During exercise, oxygen transport and metabolism within muscle in healthy and disease states (e.g., heart failure and diabetes) can be studied under various experimental protocols with non-invasive measurements. Measurement methods include pulmonary O₂ uptake by indirect calorimetry, muscle oxygenation by near-infrared spectroscopy and microvascular oxygenation by phosphorescence quenching. Muscle O₂ consumption (UO_2m) during a fast transient change (e.g., exercise) cannot be directly evaluated by measuring oxygen uptake in the lungs (VO_2p). Consequently, a mathematical model is needed to relate these variables. Often, a quasi-steady-state model (e.g., Fick principle) is used to analyze dynamic responses at the onset of exercise in order to quantify relationships between the oxygen uptake, blood flow, and O2 concentration dynamics in the capillary bed (or index of extraction) within muscle [1–3]. Although this method is strictly applicable only under steady-state conditions [4], it could provide a reasonable approximation under some conditions [5]. More generally, interpretation of non-invasive measurements related to O₂ transport and metabolism in tissue can be made using dynamic mass balances if the tissue volume can be determined. Nevertheless, this has limitations also. At the microvascular level, the volume of tissue supplied with oxygen by the blood vessels is uncertain. Furthermore, in a macroscopic tissue volume, the heterogeneous spatial distribution and temporal variation of blood flow and O₂ concentration in tissue can have a significant effect on the interpretation of measurements. In this study, simulations using a quasi-steady-state model [3] and those using a multi-compartment dynamic model [6] are compared to experimental measurements during exercise.

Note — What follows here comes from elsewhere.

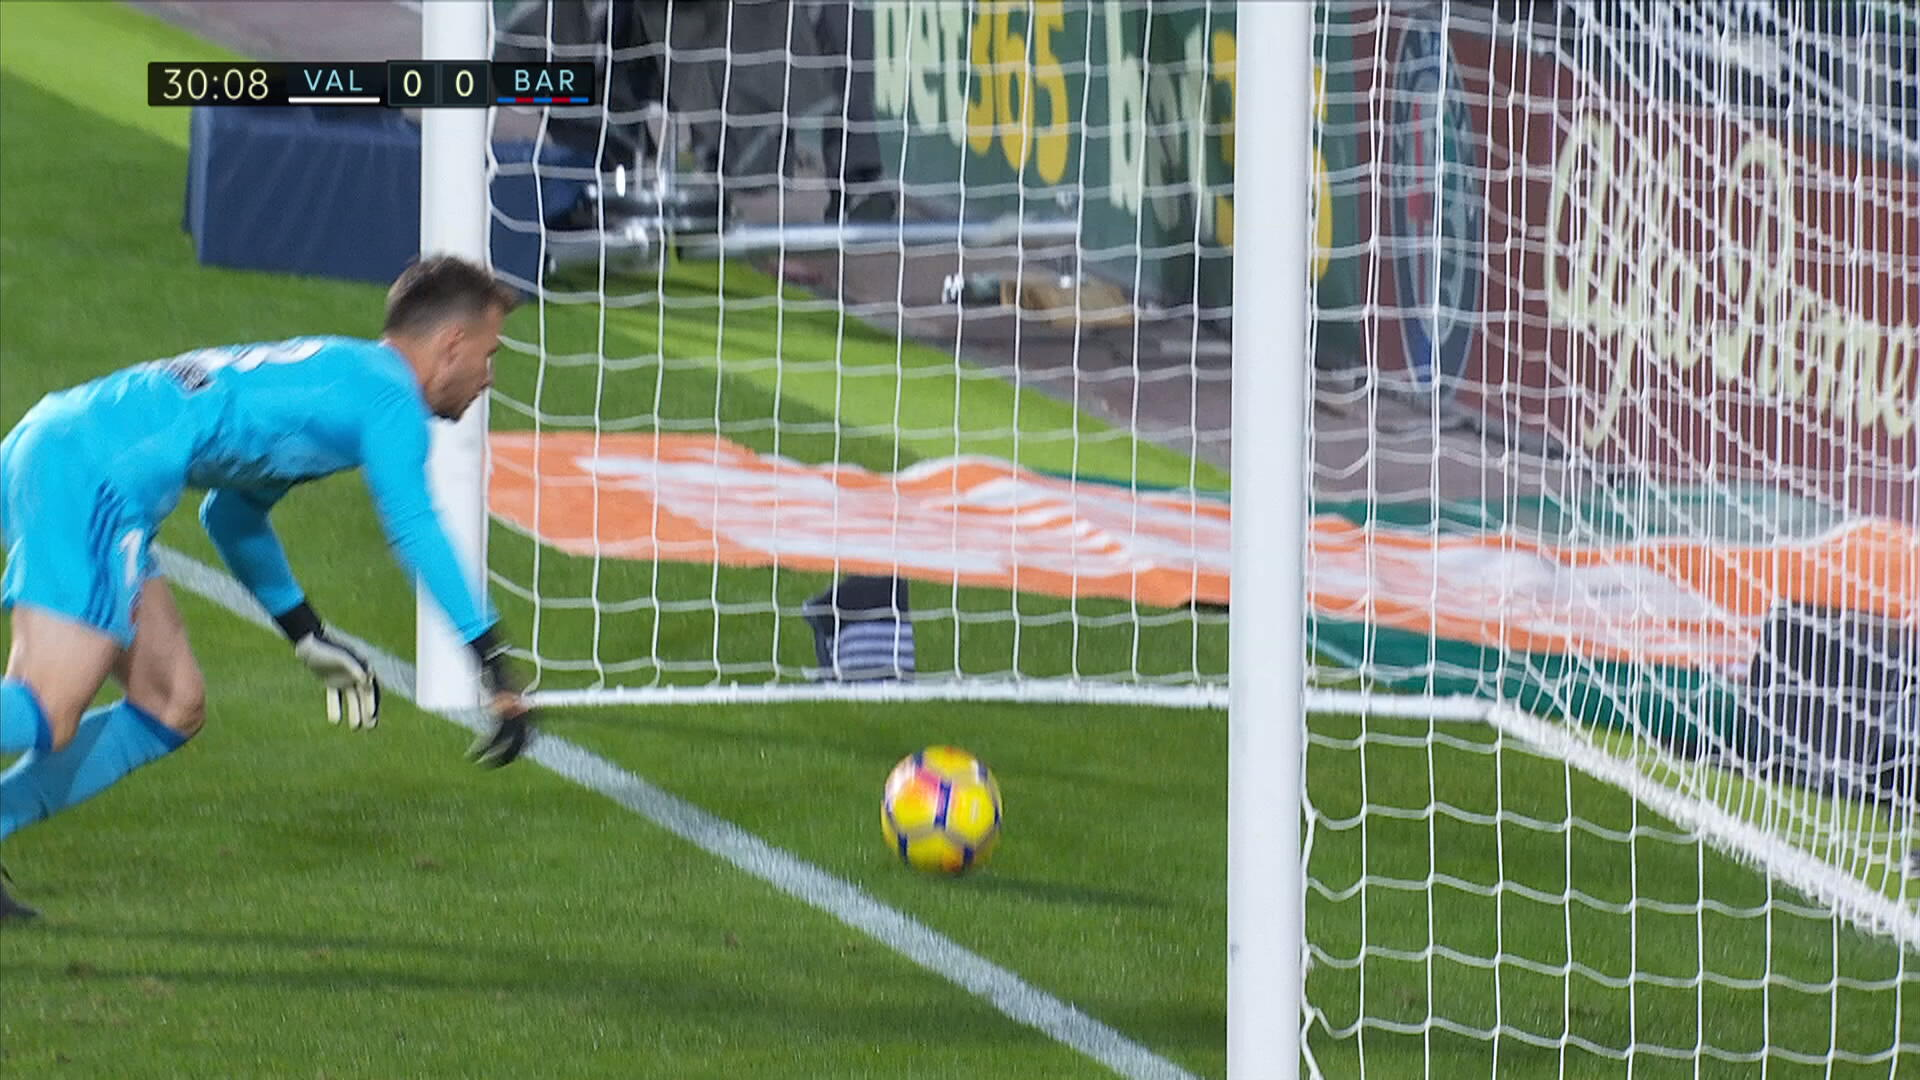 Valencia players accept Messi goal legit: Refs make mistakes

The effect of changes in muscle blood flow on the dynamic responses of venous oxygen concentration was investigated during exercise assuming specific dynamics of muscle O₂ consumption.

36.2 Methods

We consider oxygen transport and consumption in muscle to occur in a system of perfectly mixed blood and tissue compartments (Fig. 36.1) as developed previously [6]. In the blood compartment, the oxygen concentration C(t) changes with time depending on flow Q_m(t) through the capillary bed of volume V_cap and diffusion between blood and tissue with rate coefficient PS according to the dynamic mass balance:

$$V_{\mathit{\text{cap}}}\frac{d{C}_{\mathit{\text{ven}}}^T}{dt}=Q_m(t)(C_{\mathit{\text{art}}}^T-C_{\mathit{\text{ven}}}^T)-PS(C_{\mathit{\text{ven}}}^F-C_{\mathit{\text{tis}}}^F)$$ (36.1)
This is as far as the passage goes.